Listed entries |
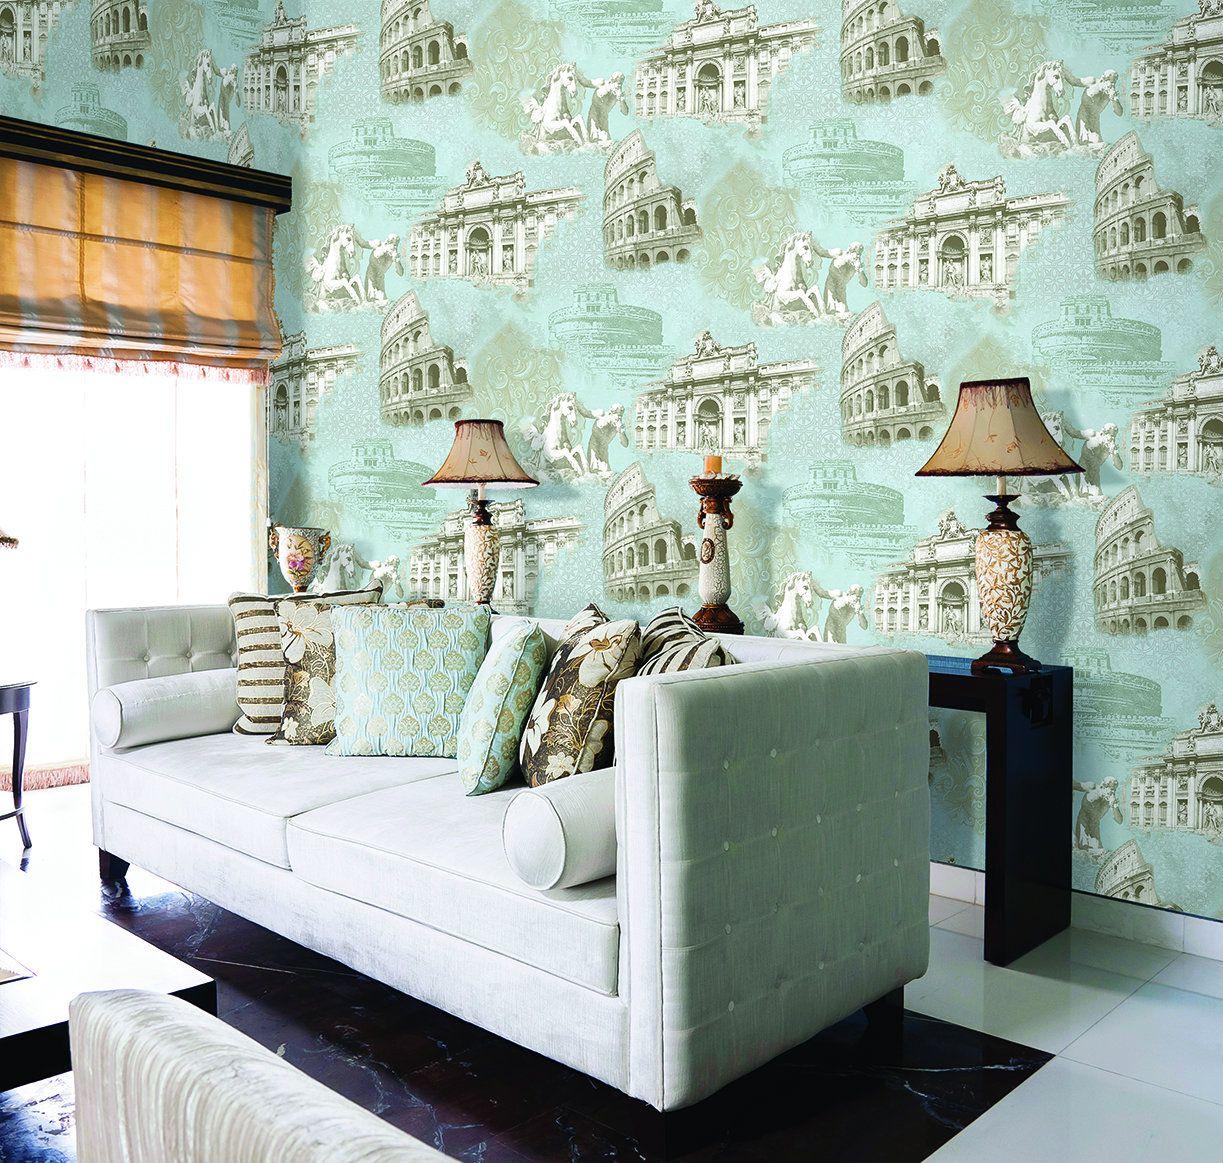 Polaris 7391 Wallpaper suppliers, Furnishings, Wallpaper
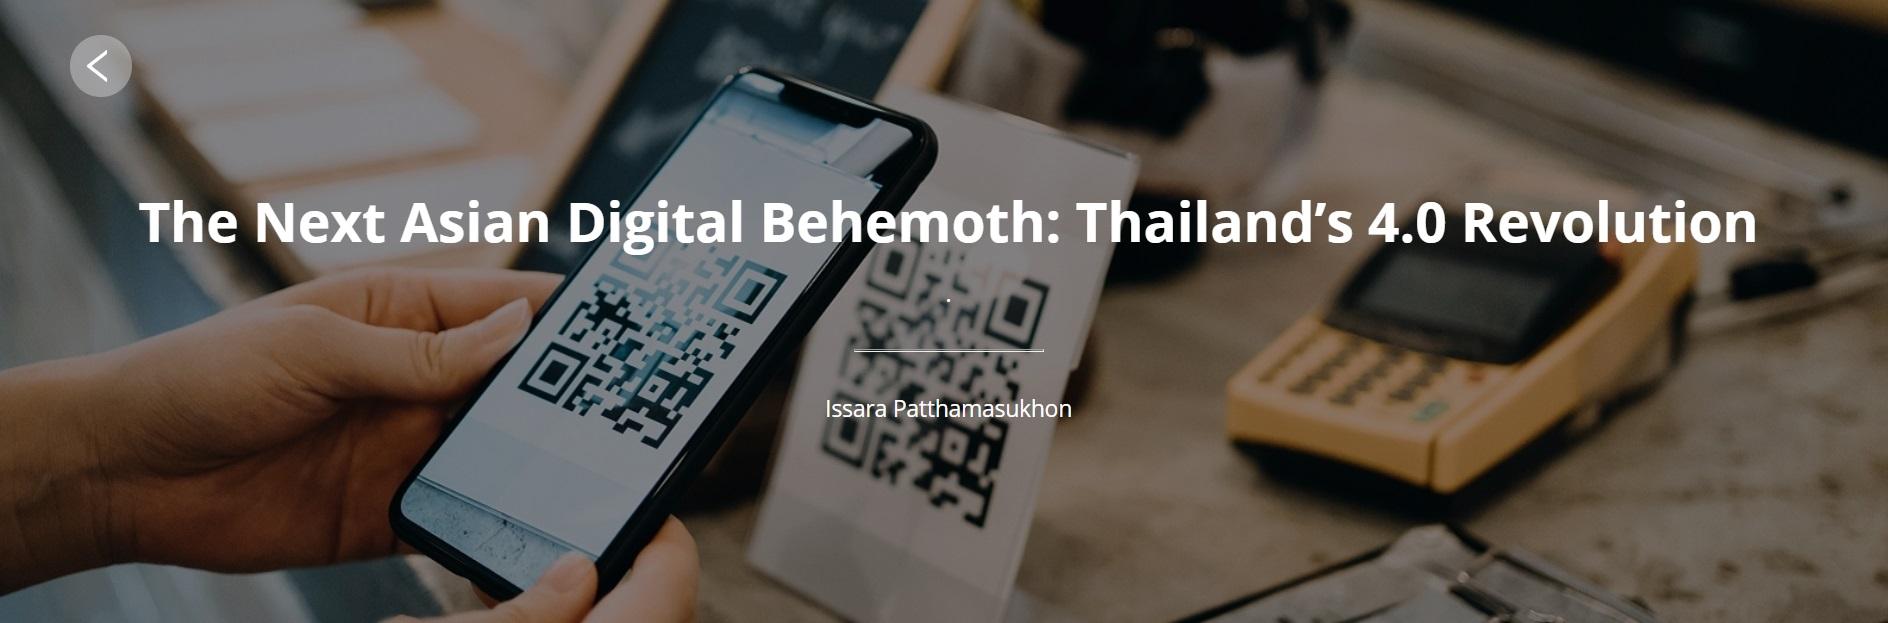 The_Next_Asian_Digital_Behemoth
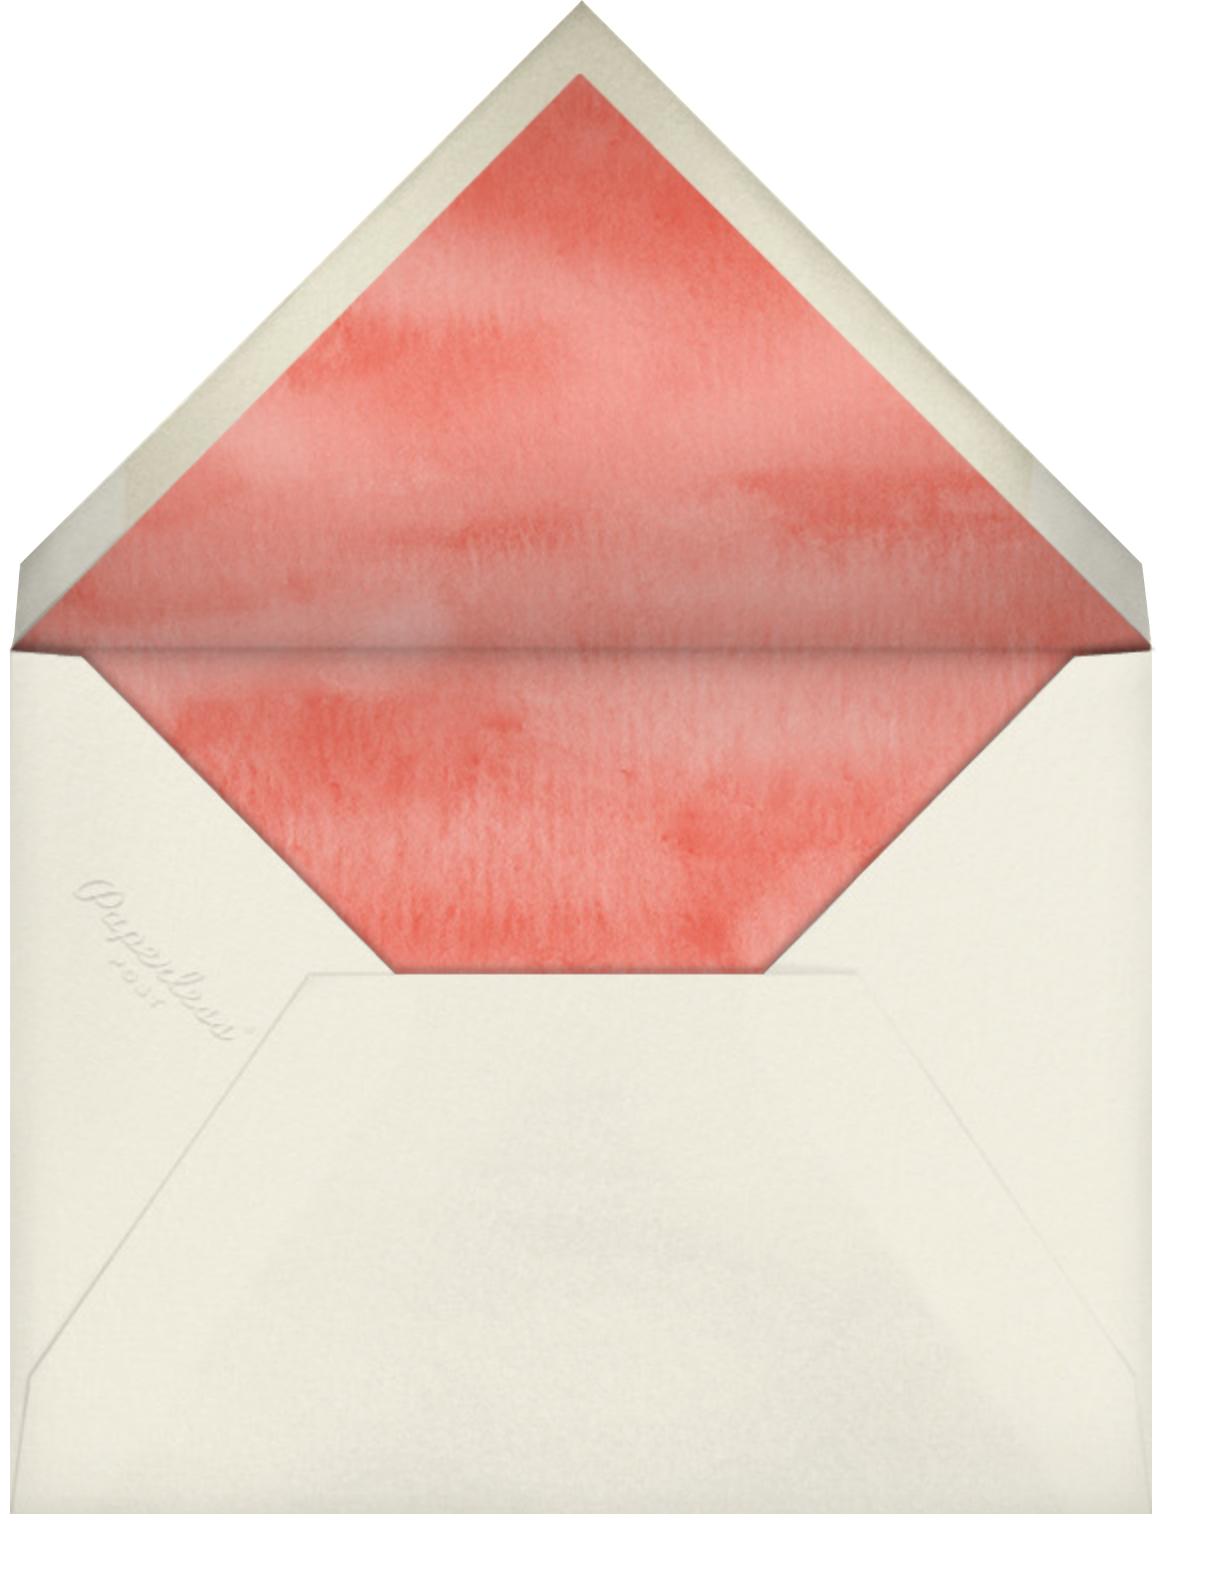 Choo Choo - Felix Doolittle - Kids' birthday - envelope back
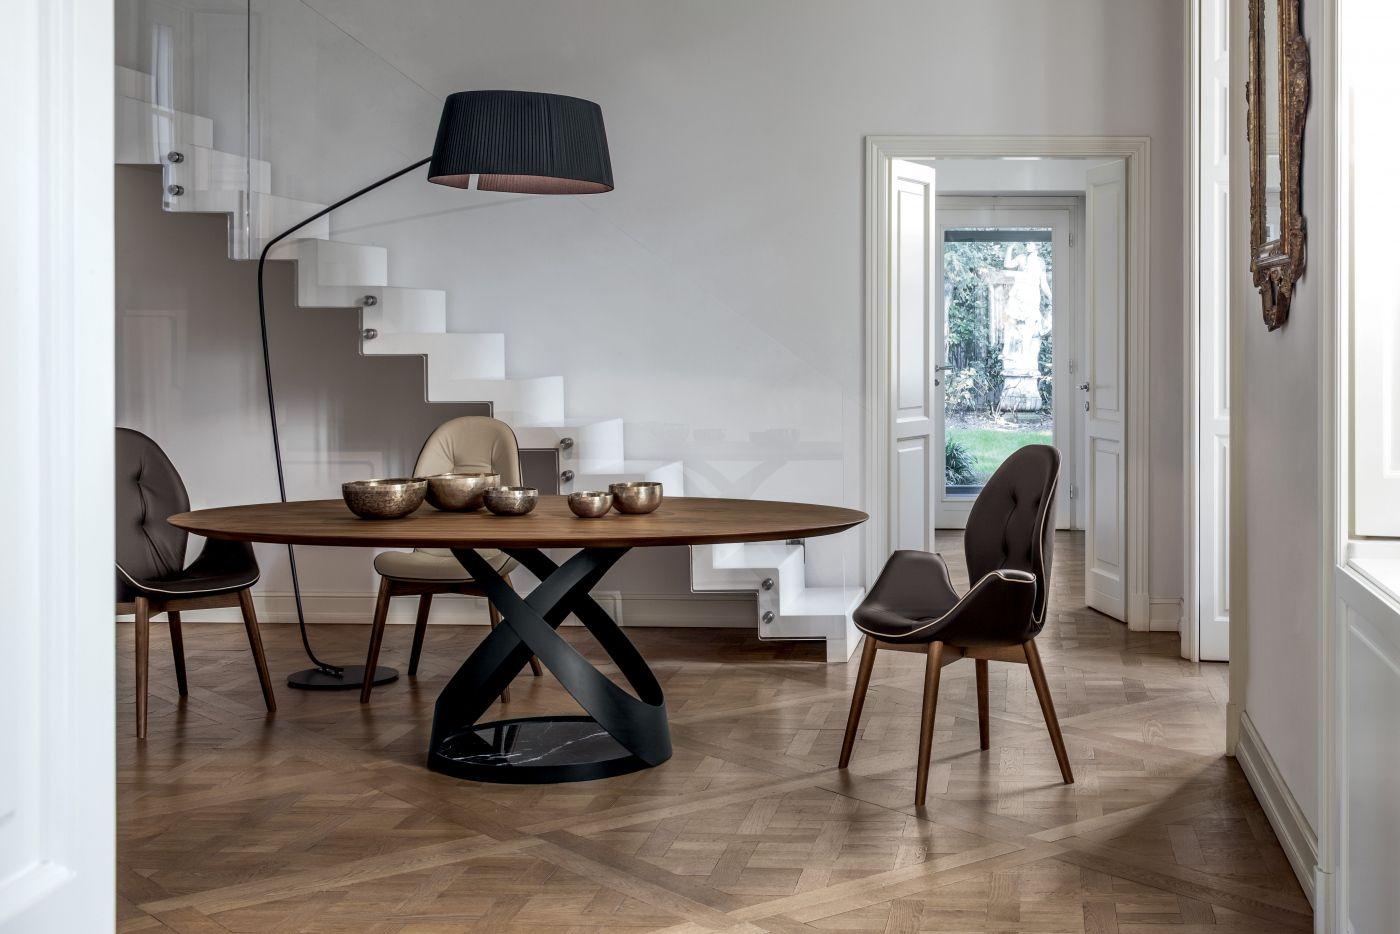 Rivalto Tonin Casa Lighting Haus Deko Esstisch Design Esstisch Oval
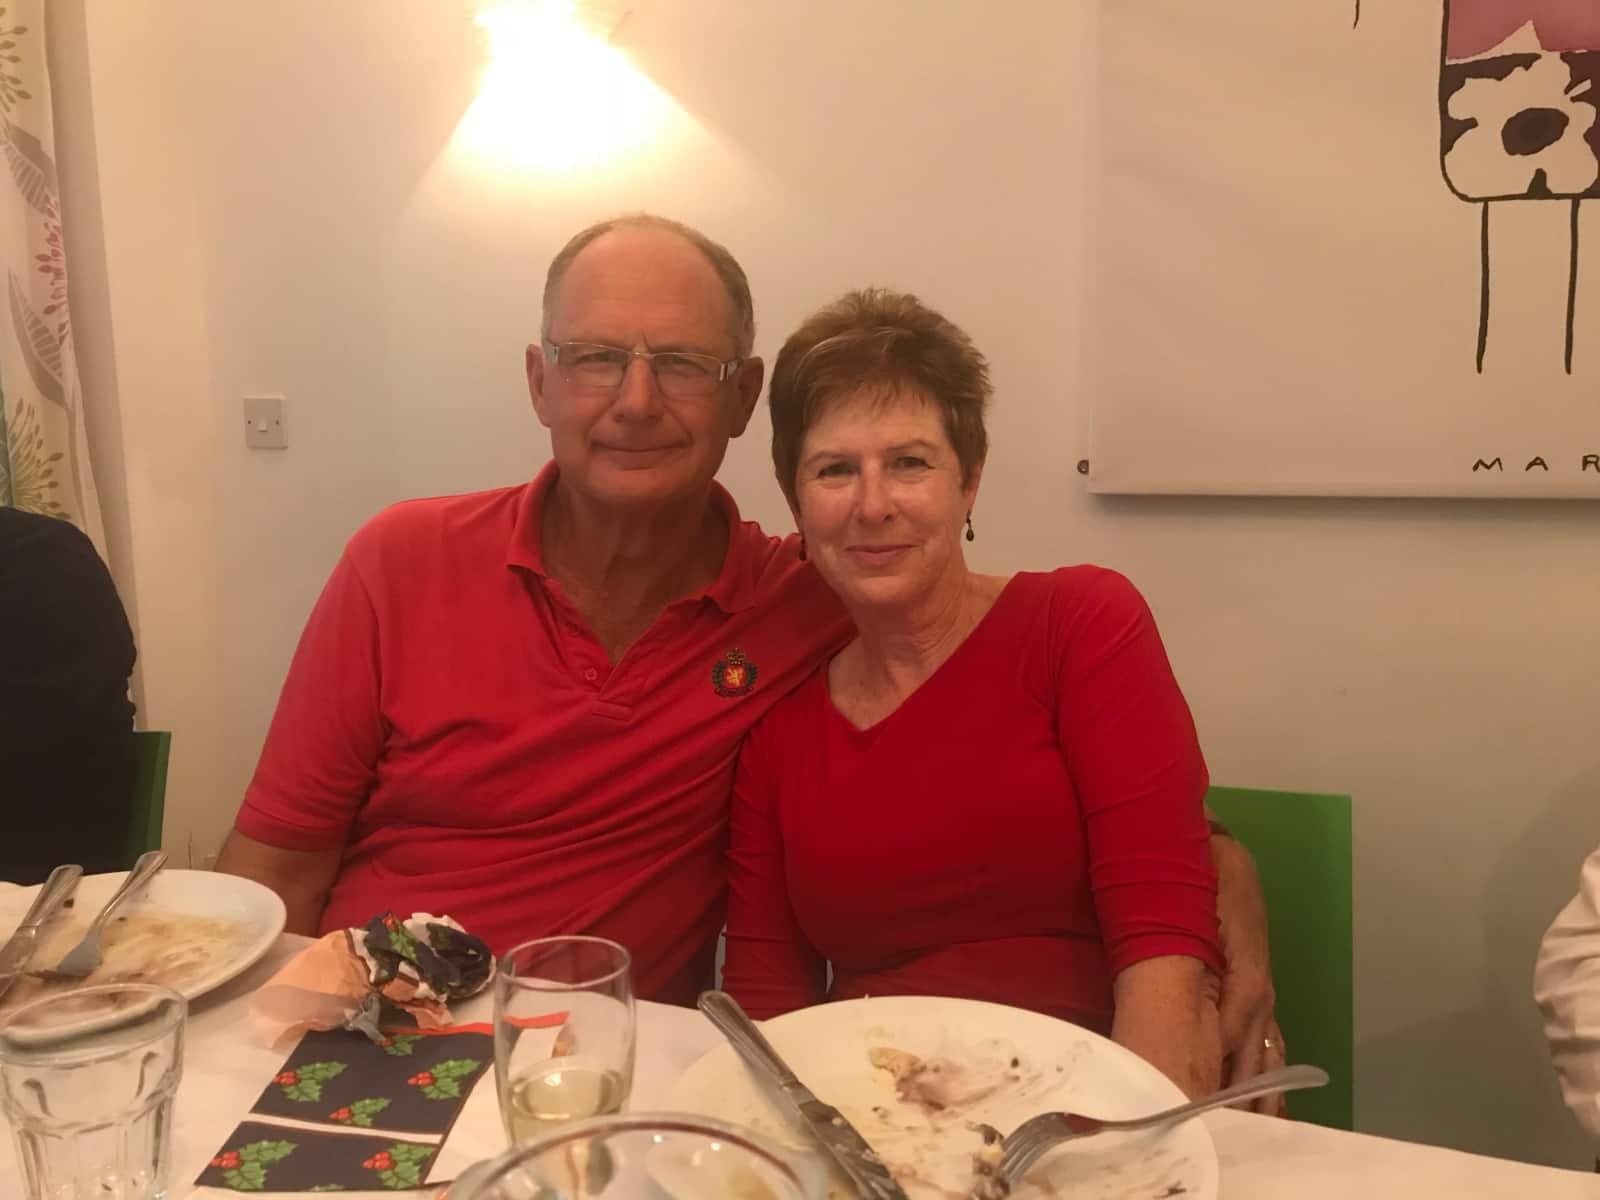 Denise & Steve from Poole, United Kingdom

What the task requires | Please, without any pictures, print each entry exactly.

Answer to this exercise |
 Polaris 7391 Wallpaper suppliers, Furnishings, Wallpaper
 The_Next_Asian_Digital_Behemoth
 Choo Choo - Felix Doolittle - Kids' birthday - envelope back
 Rivalto Tonin Casa Lighting Haus Deko Esstisch Design Esstisch Oval
 Denise & Steve from Poole, United Kingdom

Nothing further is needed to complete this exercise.